This study aims to analyse the robust exponential stability for neutral differential equations of the uncertain Takagi–Sugeno fuzzy system with distributed and discrete time interval delays by applying the Newton–Leibniz formula, the Lyapunov–Krasovskii functional, and the zero equations. By these methods, the less conservative exponential stability criteria are obtained for a special case of the generalized fuzzy of the neutral differential system.
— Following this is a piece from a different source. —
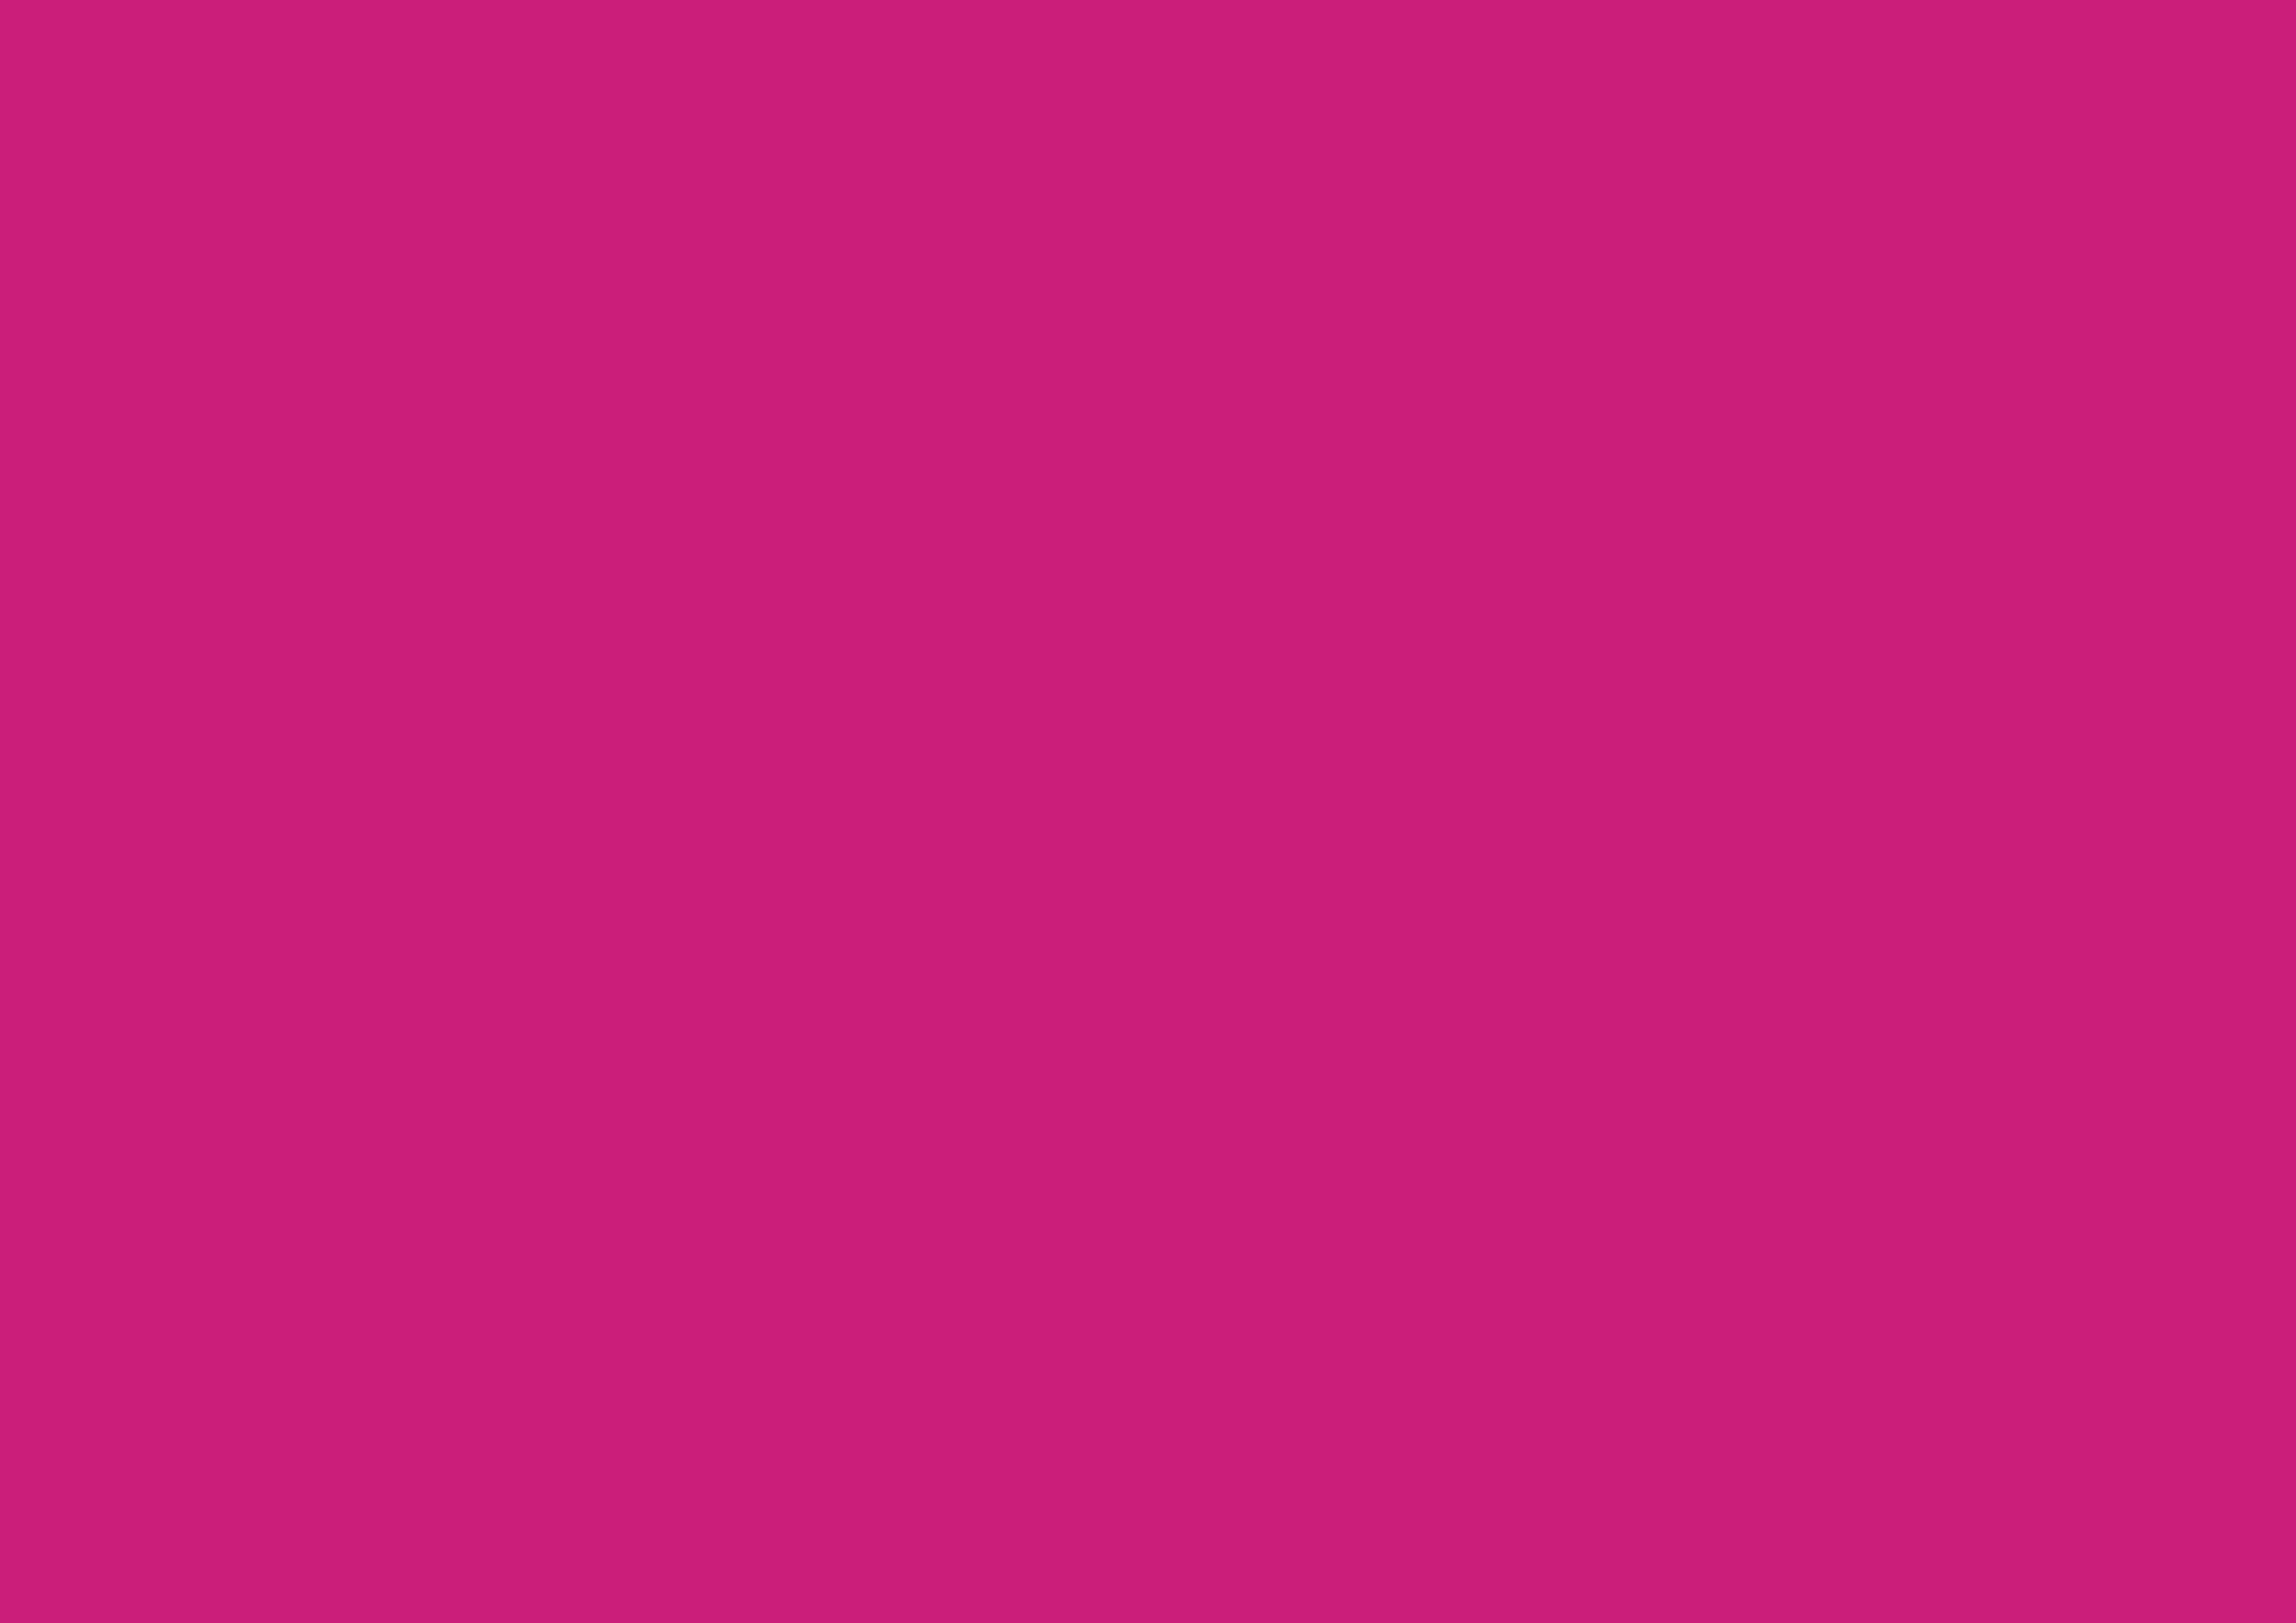 3508x2480 Magenta Dye Solid Color Background

By applying Matlab LMI toolbox, the new conditions for exponential stability are obtained in the forms of linear matrix inequalities (LMIs), which can verify the numerical performance by the LMI toolbox of MATLAB. Finally, numerical examples are provided to manifest the efficiency and reduce the conservatism of the obtained results rather than the results which exist in the literature.

Suggested Citation

  • Tranthi, Janejira & Botmart, Thongchai & Weera, Wajaree & La-inchua, Teerapong & Pinjai, Sirada, 2022. "New results on robust exponential stability of Takagi–Sugeno fuzzy for neutral differential systems with mixed time-varying delays," Mathematics and Computers in Simulation (MATCOM), Elsevier, vol. 201(C), pages 714-738.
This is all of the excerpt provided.